(WORK REQUIRED):
Pictures are to be left out; every line from the one with "Back Plate Dimensions" through the end of the data must be transcribed exactly.

(INFORMATION PROVIDED):
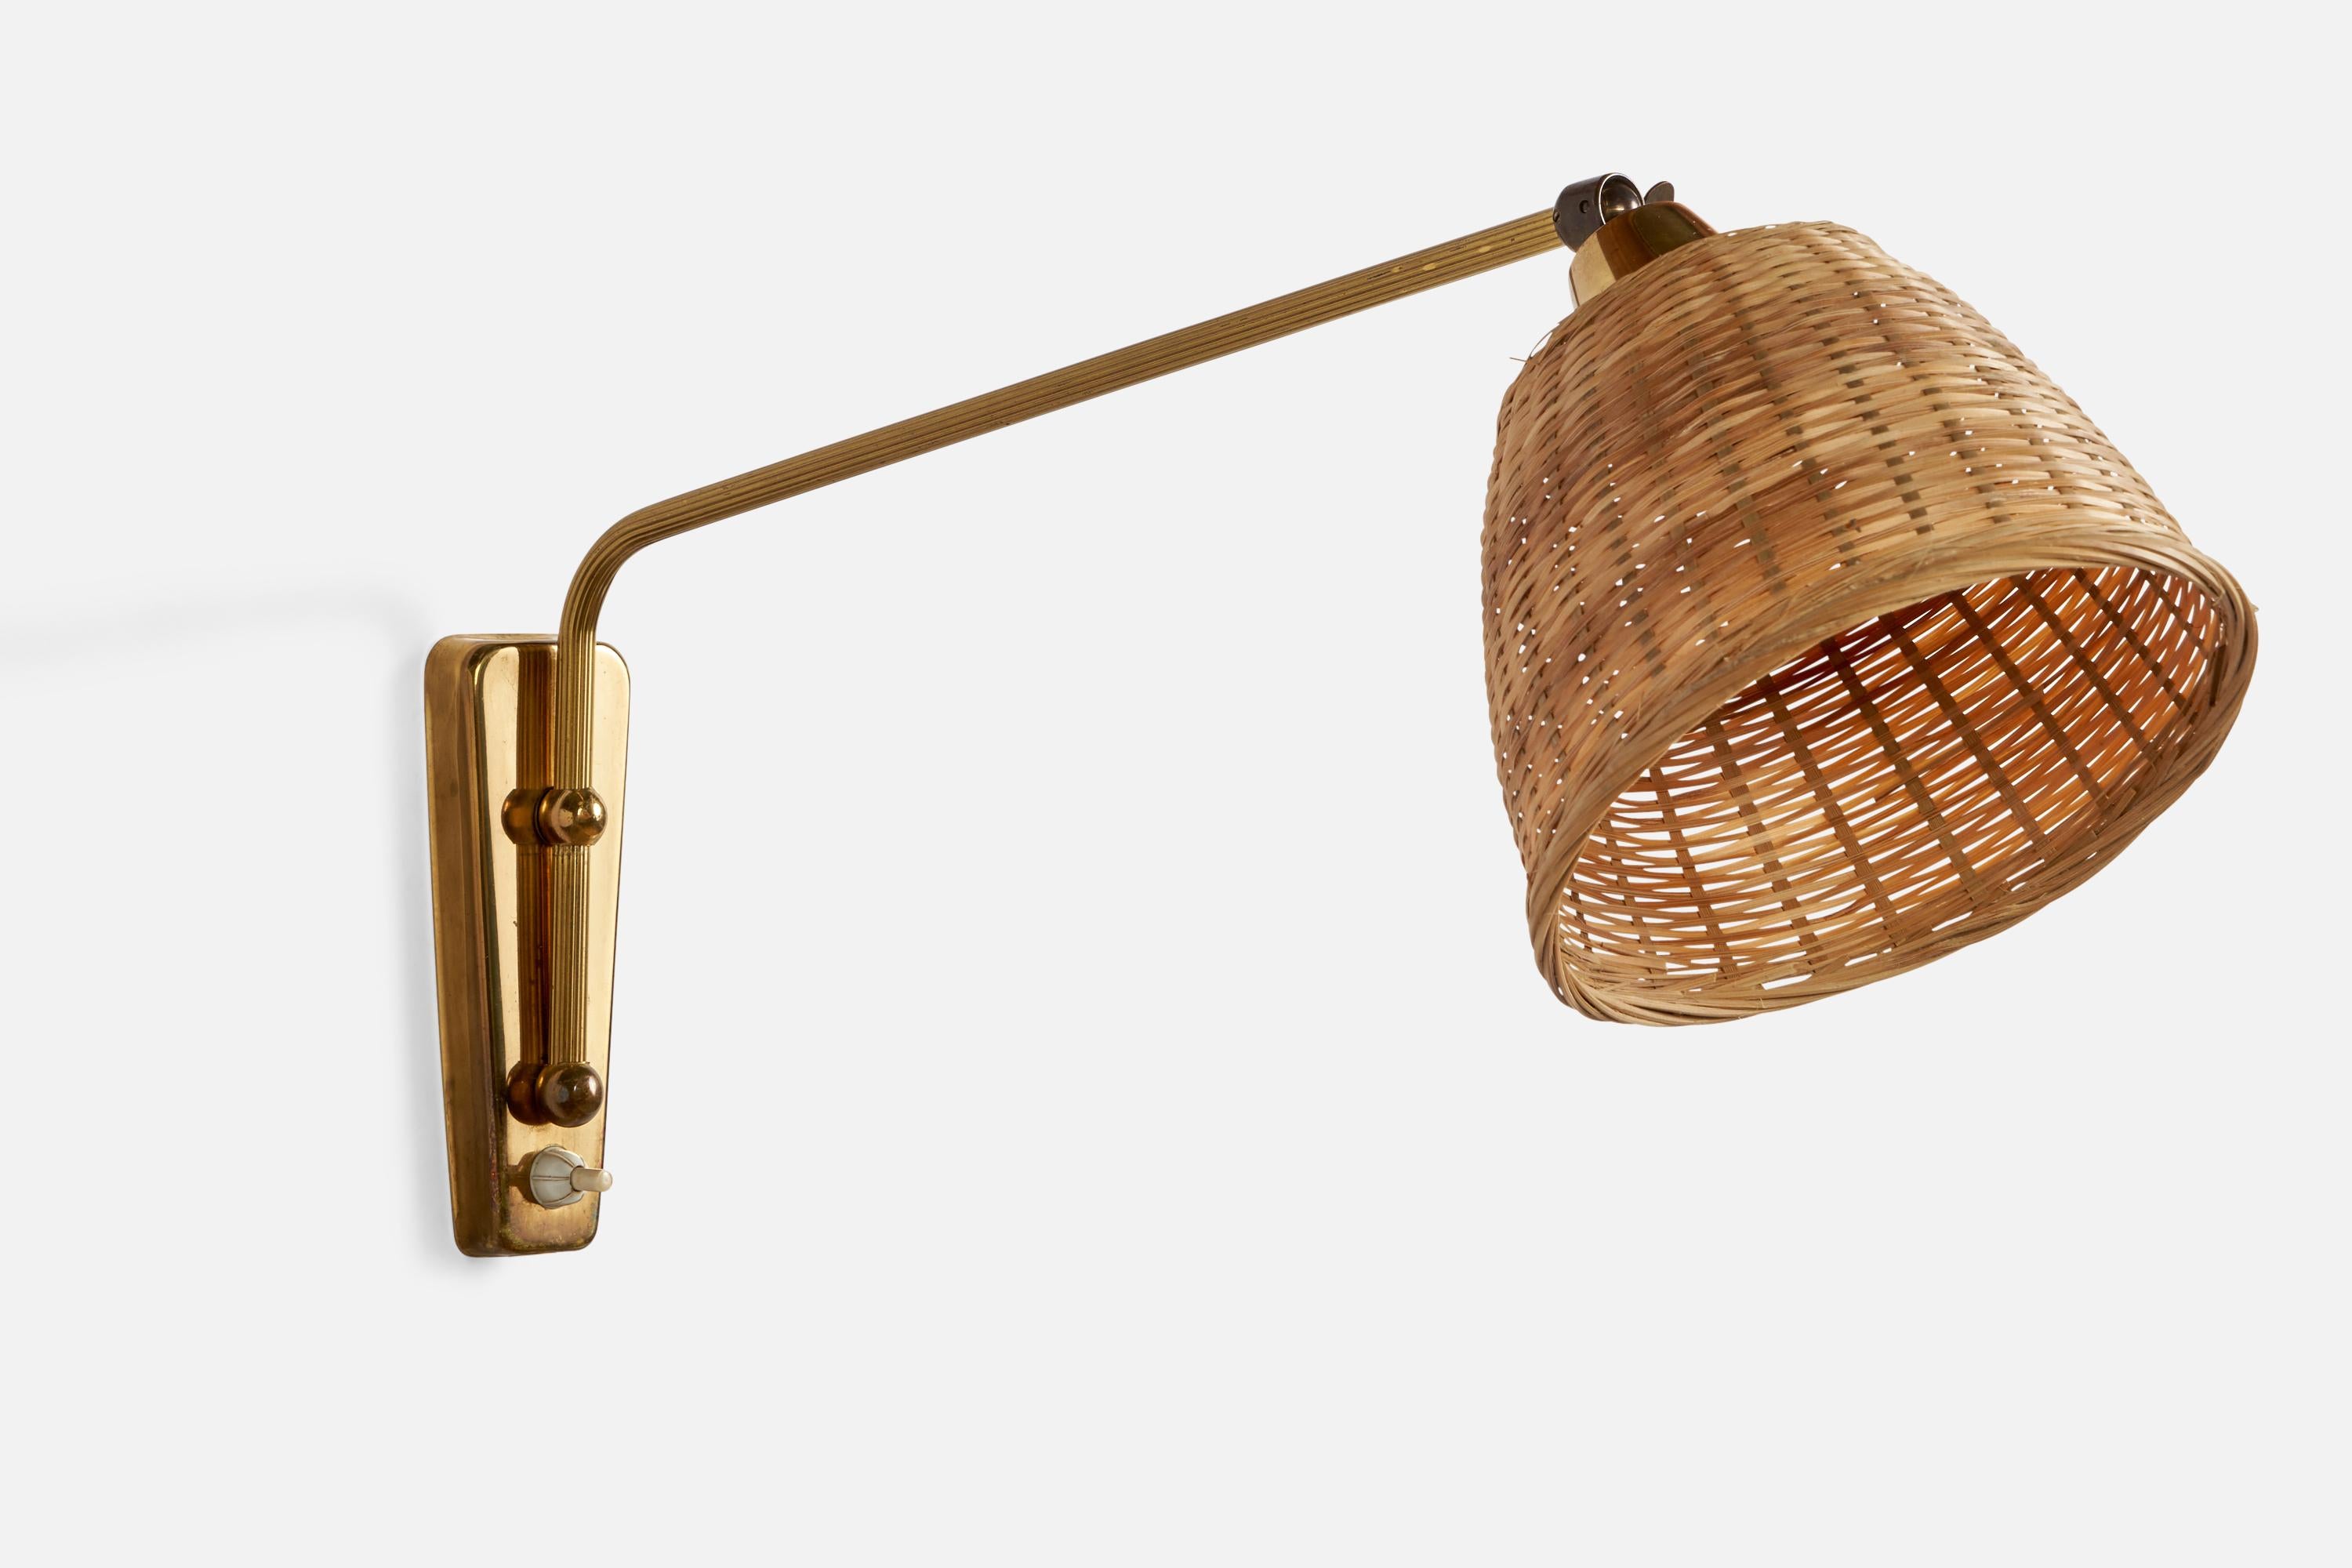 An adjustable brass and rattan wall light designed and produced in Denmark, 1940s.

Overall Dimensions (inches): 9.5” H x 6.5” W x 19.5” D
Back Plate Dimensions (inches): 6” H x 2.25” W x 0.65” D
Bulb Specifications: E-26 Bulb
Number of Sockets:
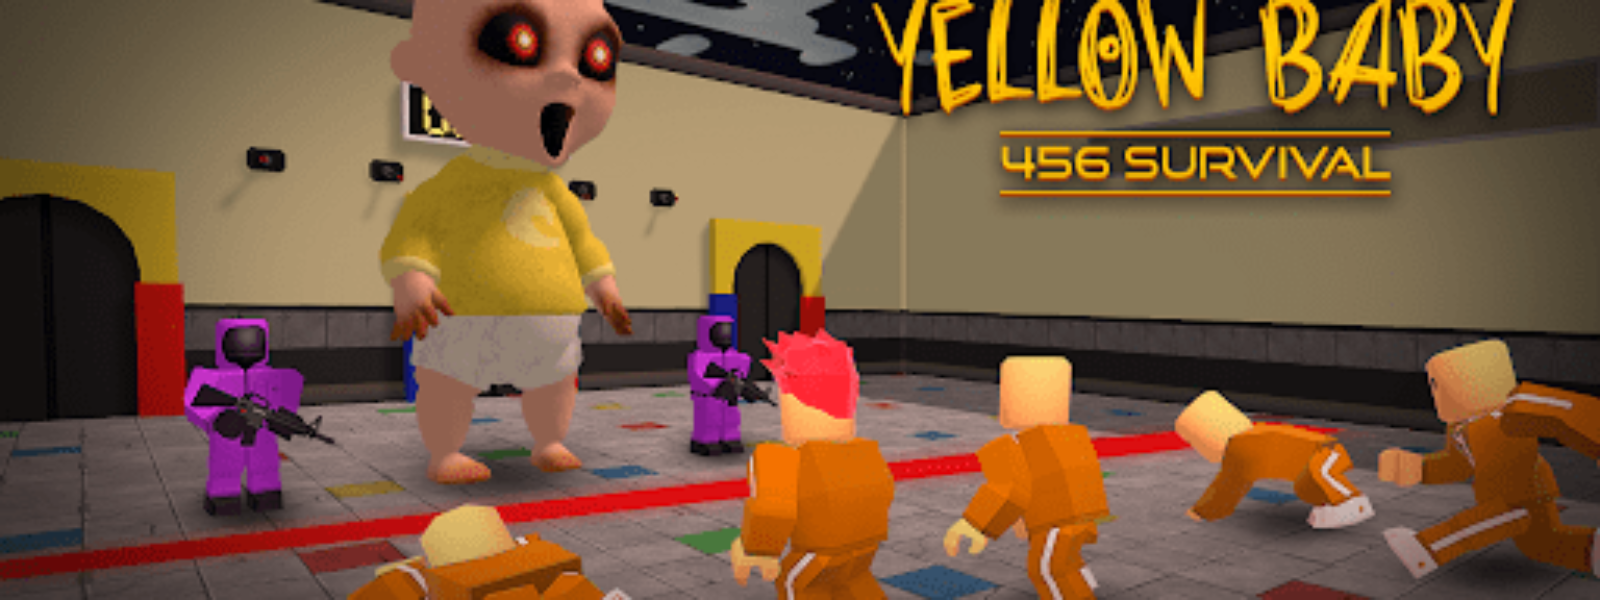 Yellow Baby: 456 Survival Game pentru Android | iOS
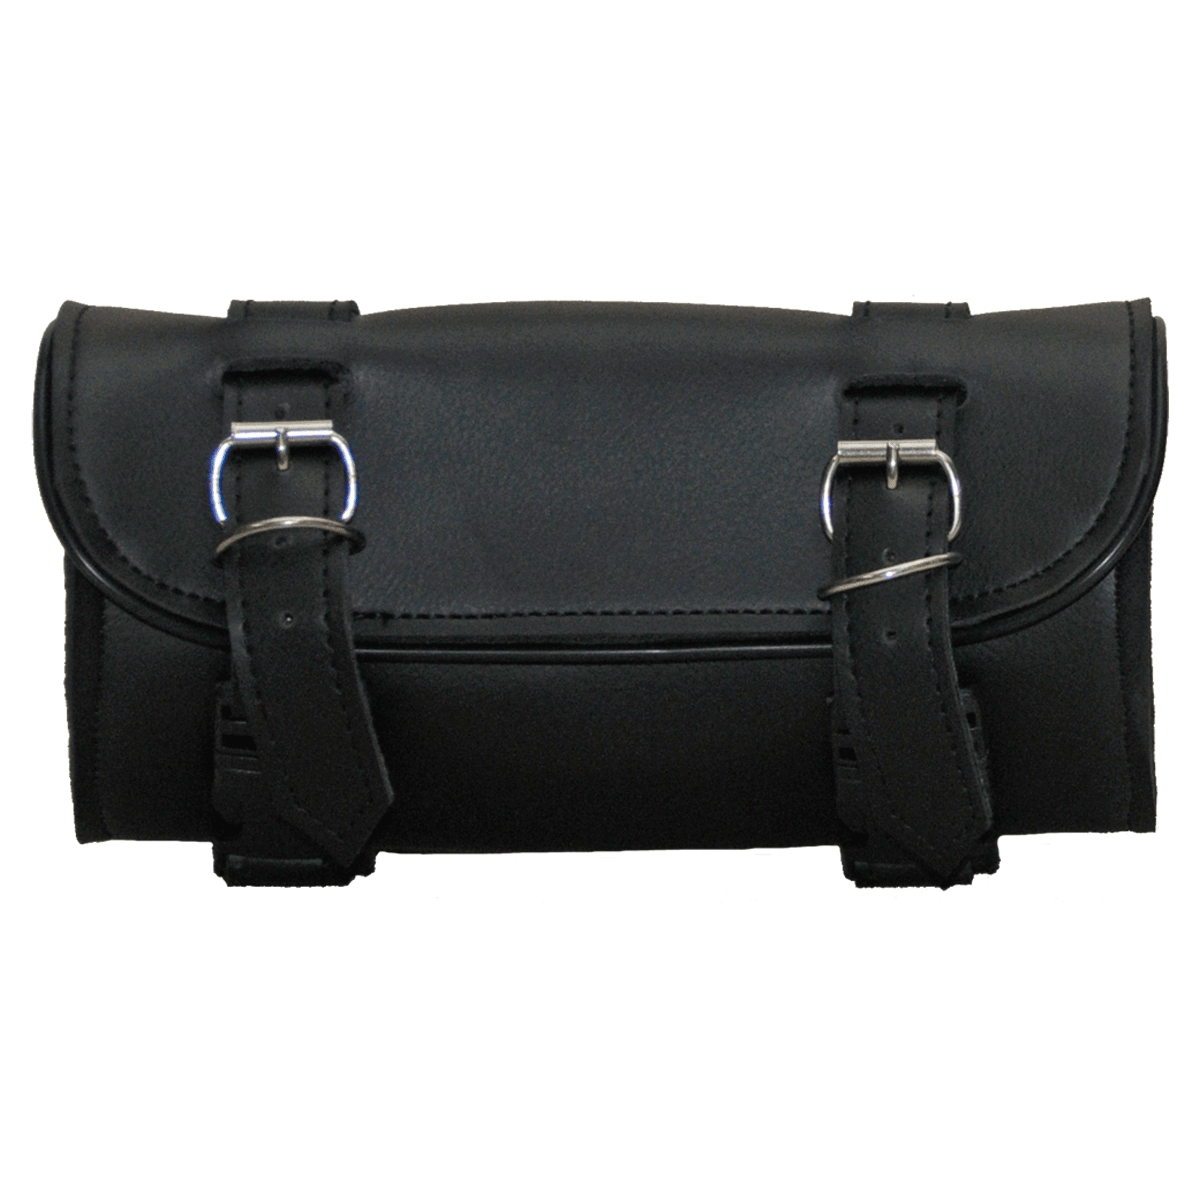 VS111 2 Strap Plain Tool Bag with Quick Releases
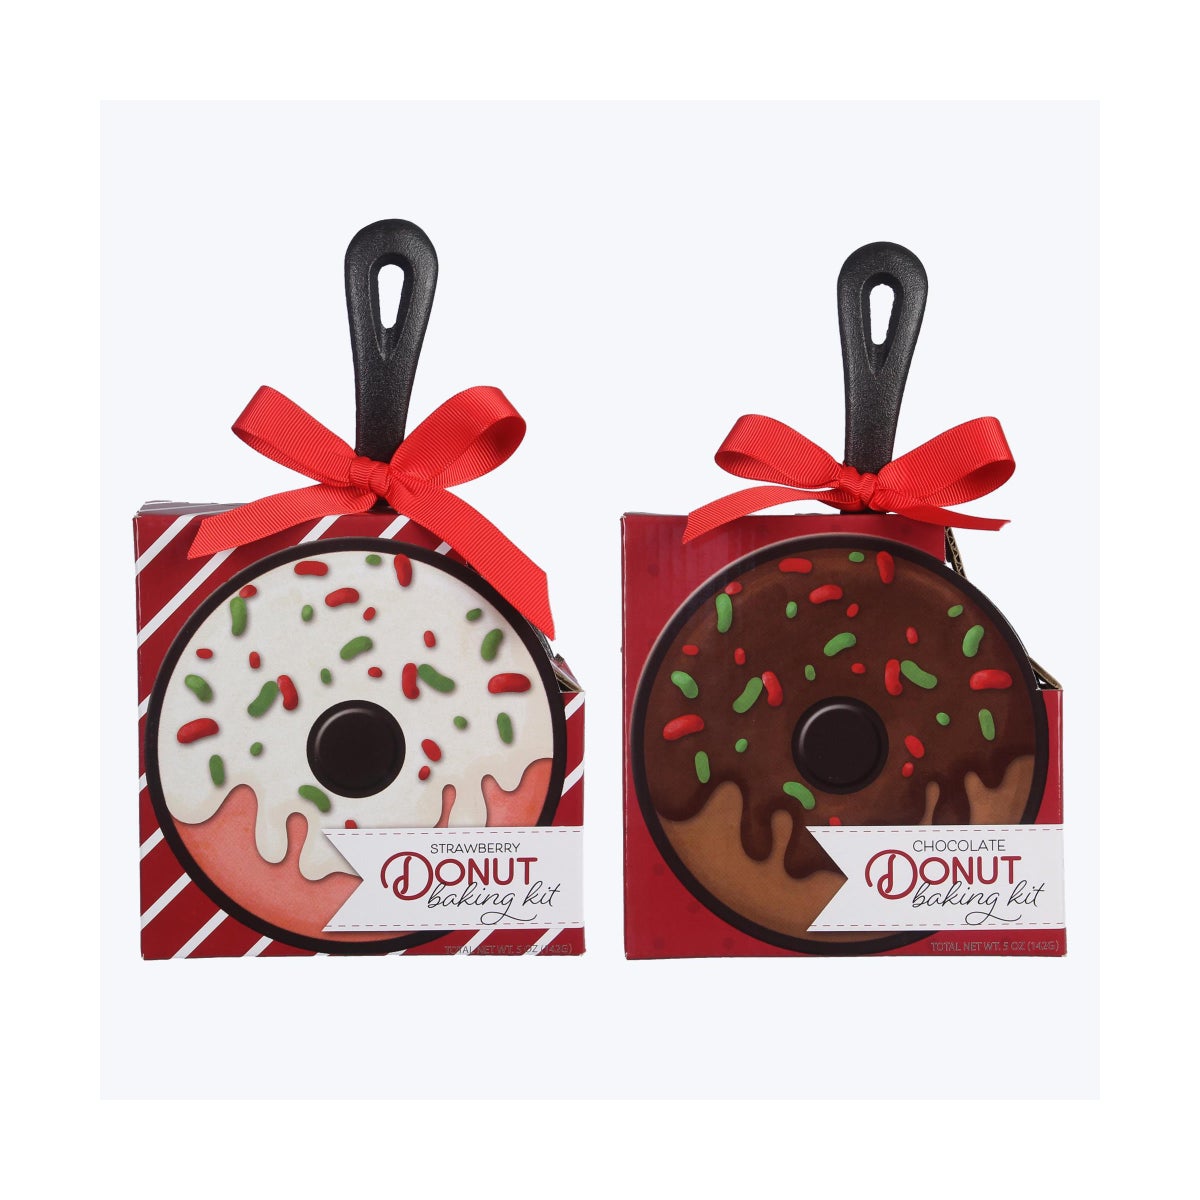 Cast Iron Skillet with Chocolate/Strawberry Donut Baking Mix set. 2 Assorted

(ANSWER BOX):
Back Plate Dimensions (inches): 6” H x 2.25” W x 0.65” D
Bulb Specifications: E-26 Bulb
Number of Sockets:
 Yellow Baby: 456 Survival Game pentru Android | iOS
 VS111 2 Strap Plain Tool Bag with Quick Releases
 Cast Iron Skillet with Chocolate/Strawberry Donut Baking Mix set. 2 Assorted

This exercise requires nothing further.